_Problem details_
Only one stretch of the records below should be repeated. It starts with the line containing "Screenshot_2019-02-28-18-30-10-390_com.miui.voiceassist.png" and goes on through the line containing "PASTO SINTETICO DE", exactly as written.

━━━ Data extract ━━━

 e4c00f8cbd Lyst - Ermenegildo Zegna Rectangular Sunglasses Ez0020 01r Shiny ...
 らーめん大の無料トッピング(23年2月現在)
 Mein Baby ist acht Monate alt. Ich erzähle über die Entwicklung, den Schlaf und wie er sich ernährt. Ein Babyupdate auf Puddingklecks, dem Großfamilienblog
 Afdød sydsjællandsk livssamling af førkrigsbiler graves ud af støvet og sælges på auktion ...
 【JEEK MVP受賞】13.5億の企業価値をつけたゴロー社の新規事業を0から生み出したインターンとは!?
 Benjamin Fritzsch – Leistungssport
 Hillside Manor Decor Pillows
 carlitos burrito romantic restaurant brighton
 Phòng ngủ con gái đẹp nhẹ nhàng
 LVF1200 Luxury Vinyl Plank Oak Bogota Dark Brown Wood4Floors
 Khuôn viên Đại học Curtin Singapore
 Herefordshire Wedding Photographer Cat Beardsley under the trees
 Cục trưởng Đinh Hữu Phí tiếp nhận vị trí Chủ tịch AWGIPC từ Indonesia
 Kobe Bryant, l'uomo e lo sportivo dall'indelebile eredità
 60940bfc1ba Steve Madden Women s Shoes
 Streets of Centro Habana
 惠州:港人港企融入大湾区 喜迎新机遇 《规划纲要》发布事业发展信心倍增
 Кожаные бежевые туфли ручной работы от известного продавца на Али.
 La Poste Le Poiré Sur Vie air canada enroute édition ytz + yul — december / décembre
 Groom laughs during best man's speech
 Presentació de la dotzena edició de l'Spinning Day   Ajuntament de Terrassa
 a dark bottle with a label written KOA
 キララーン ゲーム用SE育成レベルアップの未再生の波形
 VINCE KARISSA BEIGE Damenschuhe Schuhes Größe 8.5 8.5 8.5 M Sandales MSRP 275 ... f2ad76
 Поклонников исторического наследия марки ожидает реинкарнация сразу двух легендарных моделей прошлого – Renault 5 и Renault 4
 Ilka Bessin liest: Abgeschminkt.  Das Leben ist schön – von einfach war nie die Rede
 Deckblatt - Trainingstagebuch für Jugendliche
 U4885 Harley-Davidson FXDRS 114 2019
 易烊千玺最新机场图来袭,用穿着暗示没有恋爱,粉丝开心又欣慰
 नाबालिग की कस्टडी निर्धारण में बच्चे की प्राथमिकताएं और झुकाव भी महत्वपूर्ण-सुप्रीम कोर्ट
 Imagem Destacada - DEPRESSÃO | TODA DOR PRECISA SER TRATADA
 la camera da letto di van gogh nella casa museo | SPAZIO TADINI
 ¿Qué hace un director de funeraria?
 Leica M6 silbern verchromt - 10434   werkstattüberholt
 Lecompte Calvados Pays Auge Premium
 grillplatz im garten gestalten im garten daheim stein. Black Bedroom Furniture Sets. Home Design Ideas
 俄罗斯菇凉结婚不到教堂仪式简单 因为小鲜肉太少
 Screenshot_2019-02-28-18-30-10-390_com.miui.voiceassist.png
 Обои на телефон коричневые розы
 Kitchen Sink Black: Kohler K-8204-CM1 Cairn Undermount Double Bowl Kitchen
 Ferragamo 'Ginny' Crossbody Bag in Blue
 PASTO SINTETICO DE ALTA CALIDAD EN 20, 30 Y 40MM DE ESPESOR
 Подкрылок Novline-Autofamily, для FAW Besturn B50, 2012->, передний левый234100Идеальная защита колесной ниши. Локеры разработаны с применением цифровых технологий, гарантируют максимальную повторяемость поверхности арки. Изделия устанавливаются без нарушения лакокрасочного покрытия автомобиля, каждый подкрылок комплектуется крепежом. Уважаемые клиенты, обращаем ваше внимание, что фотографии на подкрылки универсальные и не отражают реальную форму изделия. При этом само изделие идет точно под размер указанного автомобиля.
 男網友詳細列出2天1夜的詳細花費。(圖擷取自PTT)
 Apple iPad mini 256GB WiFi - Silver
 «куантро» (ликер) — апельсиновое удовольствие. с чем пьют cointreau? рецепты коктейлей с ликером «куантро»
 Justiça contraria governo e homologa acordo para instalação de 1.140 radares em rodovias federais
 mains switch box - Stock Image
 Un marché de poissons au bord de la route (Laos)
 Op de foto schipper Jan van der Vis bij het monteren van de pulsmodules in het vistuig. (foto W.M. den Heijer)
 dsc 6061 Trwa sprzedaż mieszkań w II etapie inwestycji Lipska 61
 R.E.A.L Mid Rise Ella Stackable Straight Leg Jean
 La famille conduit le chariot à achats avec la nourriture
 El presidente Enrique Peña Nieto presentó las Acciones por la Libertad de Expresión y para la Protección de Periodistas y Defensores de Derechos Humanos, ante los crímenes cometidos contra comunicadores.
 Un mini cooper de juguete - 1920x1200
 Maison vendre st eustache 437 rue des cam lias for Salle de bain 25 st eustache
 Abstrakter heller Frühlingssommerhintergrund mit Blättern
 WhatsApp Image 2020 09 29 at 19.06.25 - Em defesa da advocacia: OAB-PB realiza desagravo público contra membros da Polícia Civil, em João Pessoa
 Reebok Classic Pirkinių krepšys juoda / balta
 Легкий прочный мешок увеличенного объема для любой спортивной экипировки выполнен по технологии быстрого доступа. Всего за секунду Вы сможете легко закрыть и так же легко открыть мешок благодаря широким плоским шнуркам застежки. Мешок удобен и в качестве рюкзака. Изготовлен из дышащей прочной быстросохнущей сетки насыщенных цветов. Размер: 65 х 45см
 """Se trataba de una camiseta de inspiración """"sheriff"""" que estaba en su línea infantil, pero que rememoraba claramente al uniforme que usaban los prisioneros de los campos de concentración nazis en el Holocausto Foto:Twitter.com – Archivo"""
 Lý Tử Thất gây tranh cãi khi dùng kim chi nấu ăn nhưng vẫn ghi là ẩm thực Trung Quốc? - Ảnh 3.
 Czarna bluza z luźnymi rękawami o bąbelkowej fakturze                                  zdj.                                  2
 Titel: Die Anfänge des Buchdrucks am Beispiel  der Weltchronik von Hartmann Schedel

━━━

_Result of this exercise_
 Screenshot_2019-02-28-18-30-10-390_com.miui.voiceassist.png
 Обои на телефон коричневые розы
 Kitchen Sink Black: Kohler K-8204-CM1 Cairn Undermount Double Bowl Kitchen
 Ferragamo 'Ginny' Crossbody Bag in Blue
 PASTO SINTETICO DE ALTA CALIDAD EN 20, 30 Y 40MM DE ESPESOR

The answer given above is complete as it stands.